Among the lines below, keep only those from the one containing "novaform comfort grande." through the one containing "AP_Logo_000_8000px_Transparent.png", and reproduce them exactly.

--- INFORMATION PROVIDED ---

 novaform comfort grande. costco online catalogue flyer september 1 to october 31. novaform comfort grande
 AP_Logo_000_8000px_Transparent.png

---
--- INFORMATION PROVIDED ---

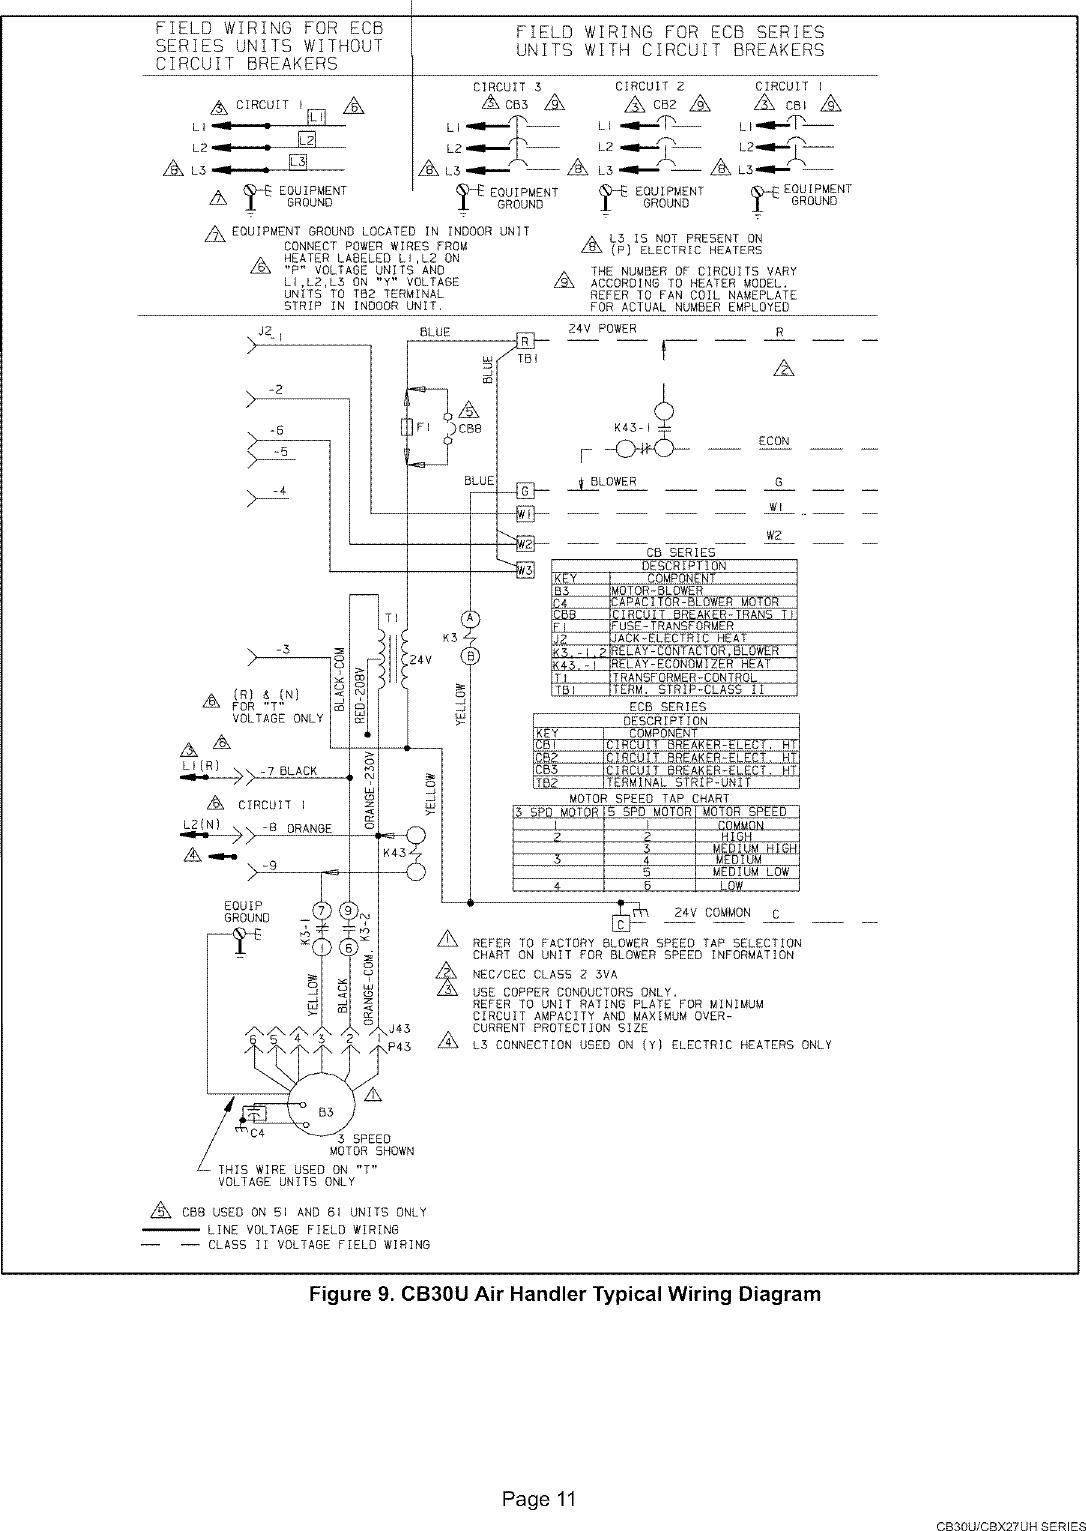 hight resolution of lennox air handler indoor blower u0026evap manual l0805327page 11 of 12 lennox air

---
--- INFORMATION PROVIDED ---

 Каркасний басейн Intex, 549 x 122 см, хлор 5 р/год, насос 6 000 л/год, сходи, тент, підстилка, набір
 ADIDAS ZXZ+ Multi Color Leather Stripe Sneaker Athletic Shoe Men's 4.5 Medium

---

**FINISHED EXERCISE**:
 novaform comfort grande. costco online catalogue flyer september 1 to october 31. novaform comfort grande
 AP_Logo_000_8000px_Transparent.png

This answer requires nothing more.